I'm having a little trouble thinking of any, but there's got to be at least a couple advantages to an extra hinge in your arm. Well, maybe not. It actually just looks like it would really suck. I guess it's probably good for a party trick though.
Anyone else see The Arrival with Charlie Sheen?
Gives a whole new meaning to a reach around
i bet he can scratch any part of his back without a stick
Recipient of the new Obama healthcare package.
you are what you eat...time to lay off those chicken wings
once again the white man is going to give a free handout to the colored folk..
oops am I banned now Jay?
So that's a Funny Bone!
That nigger is a hell of a breakdancer ooopsss in mean african american
He's the slowest one in the pack now..he only has three legs to run on.
Great for holding on to buckets of chicken.
I just went in to get my hair cut, and there was this dog, y'see...
who cares? obviously a fucking doctor that needs to pay more taxes than we do... i bet he wouldn't give a shit then!
its nice to see my tax dollars are hard at work helping the colored people
Looked like a tit growing out of there.
the only thing pig skins bring is disease
this is the reason why black people don't go back to africa after people always tell them "go back to africa." motherfuckers don't even possess enough sense to put a fractured arm in something that acts like a cast or a sling. senseless motherfuckers...

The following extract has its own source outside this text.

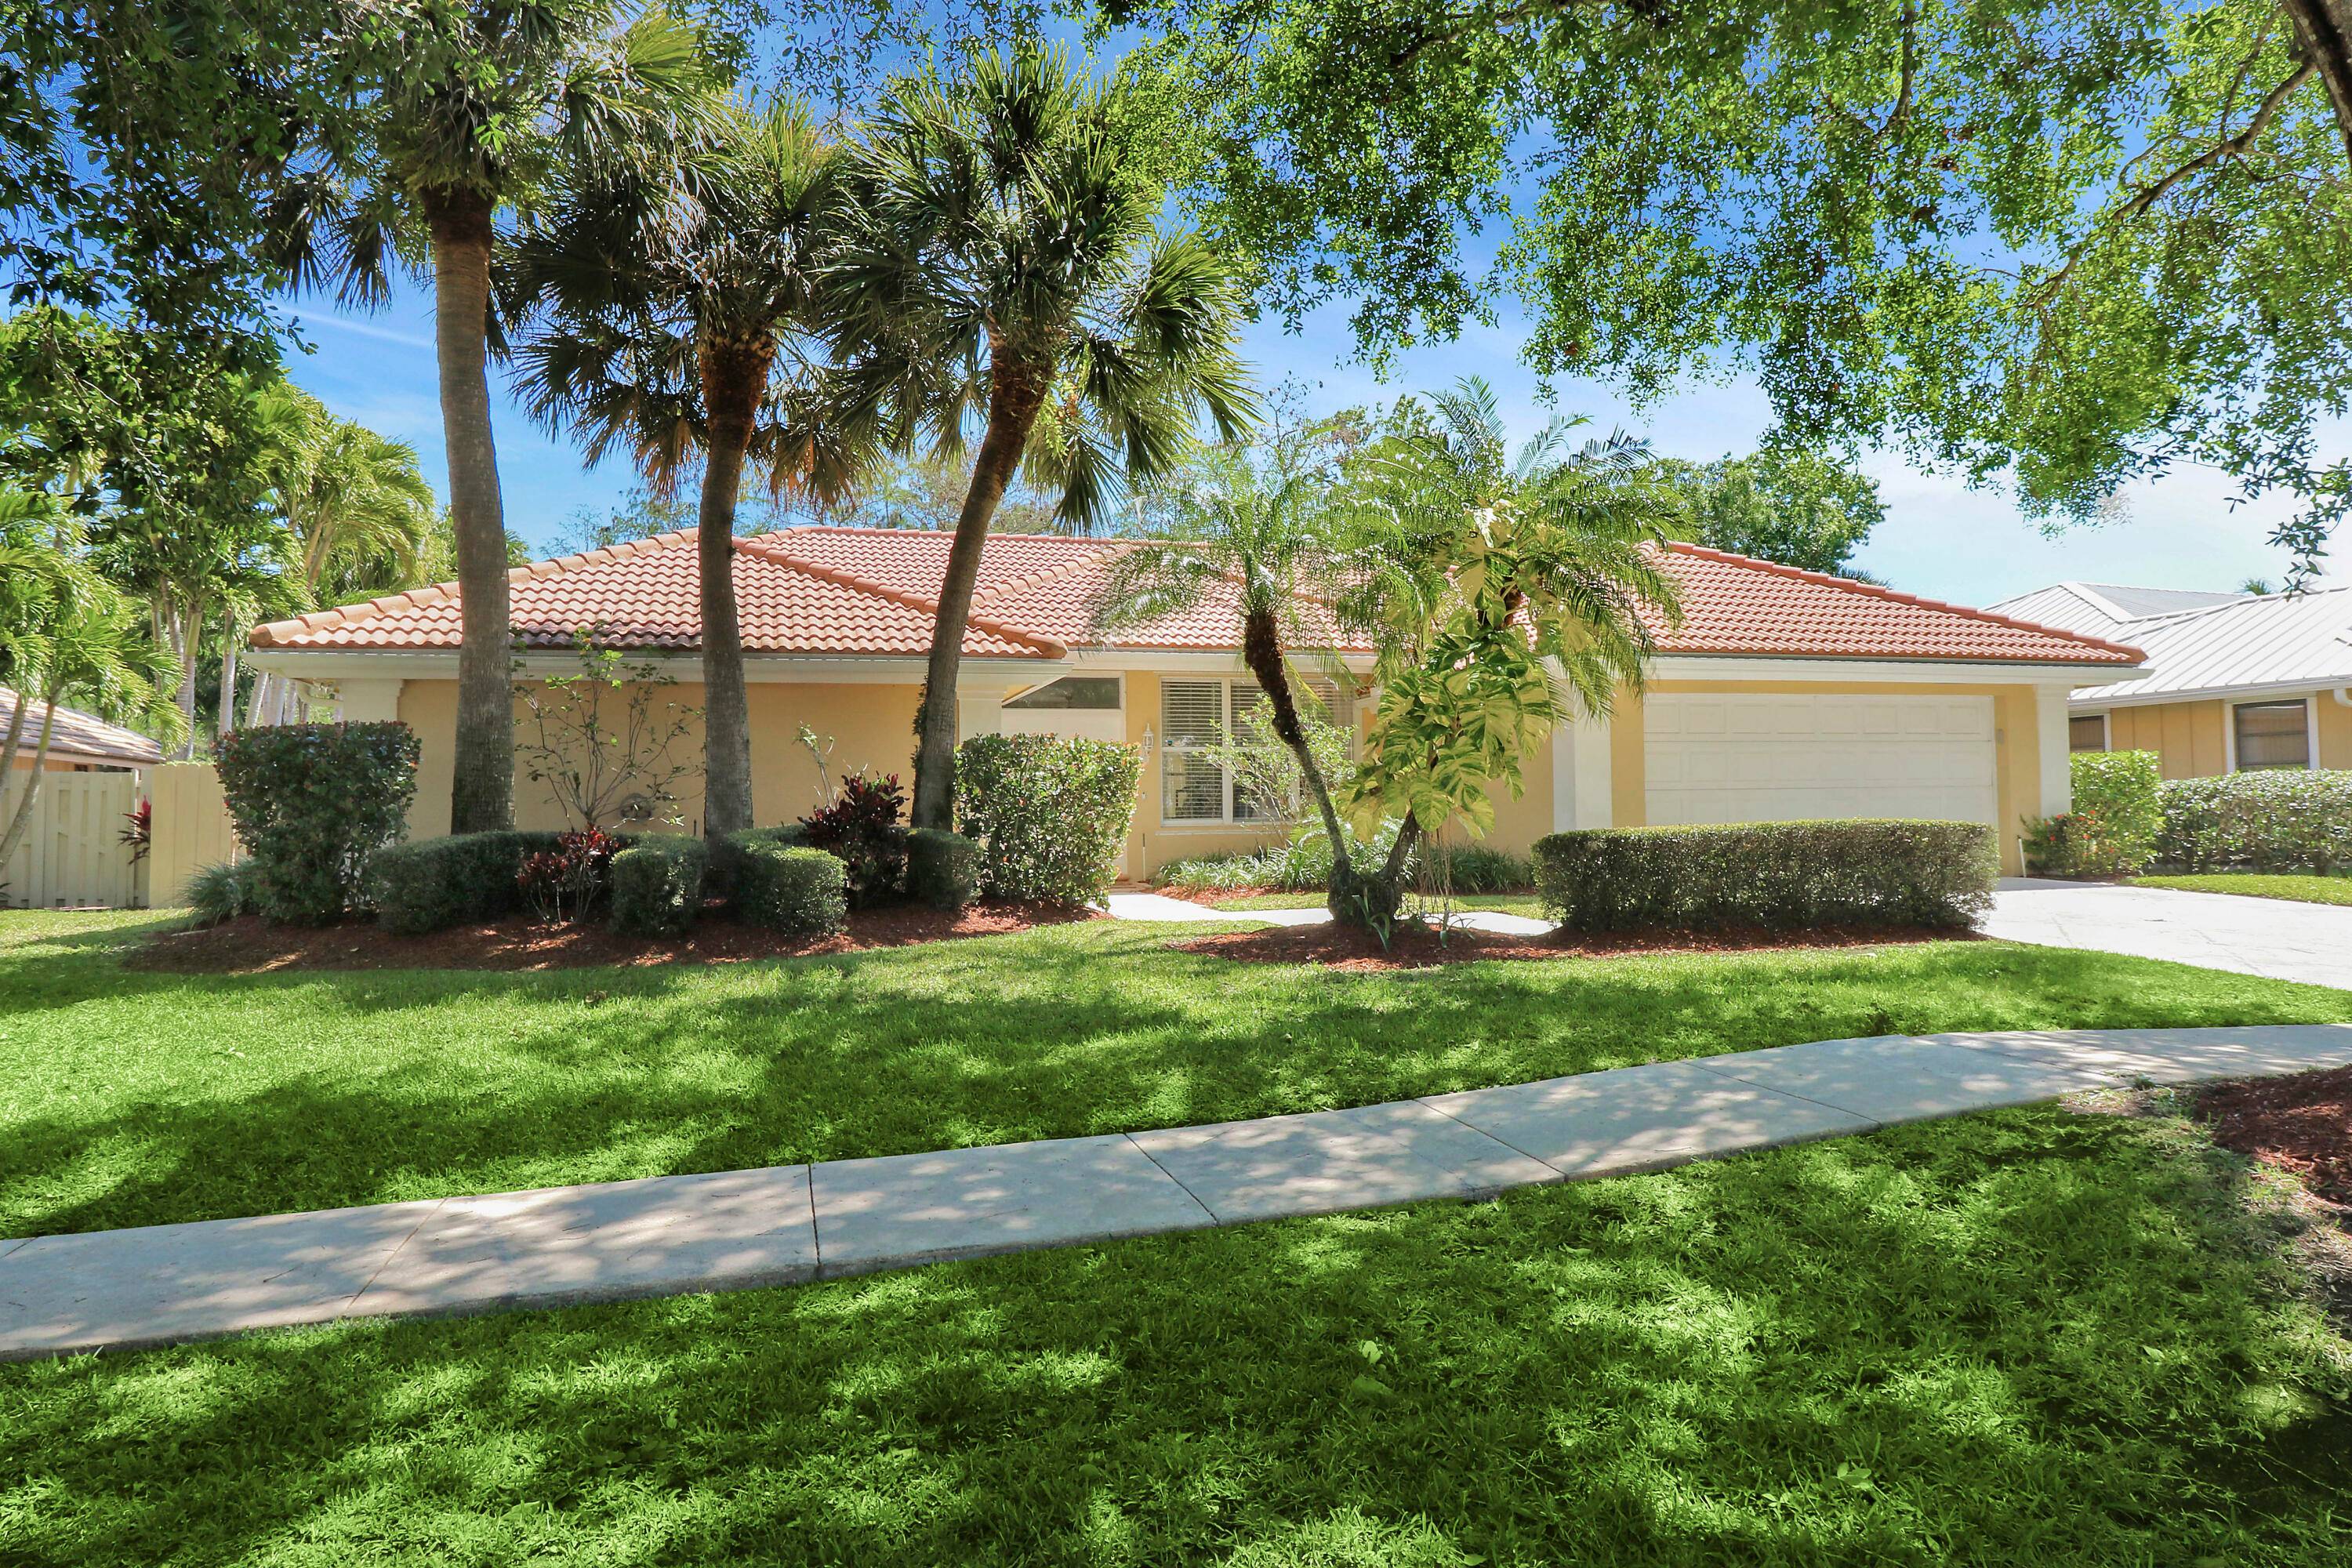 Come see this charming 4 bedroom 3 bath CBS home in the Shores neighborhood in Jupiter featuring a huge freeform heated salt chlorinated swimming pool and spa situated on a ...

now that's some inbred genes
Stretch Armstrong's poor cousin.
Why didn't he have it fixed before? Is there some kind of watermelon carrying advantage to this?
my dicks got the same kink in it when its flexed, it rubs the missus g spot though, sometimes the g stands for "get out"
When I would be the doctor I would him only operate him for sex.
^^^^^^that doesn't even make sense^^^^^^^^
Just saying likes....
thats fucked up his weight lifting career.
What the fuck was this meeting about? This fool needed a cast over a fucking year ago?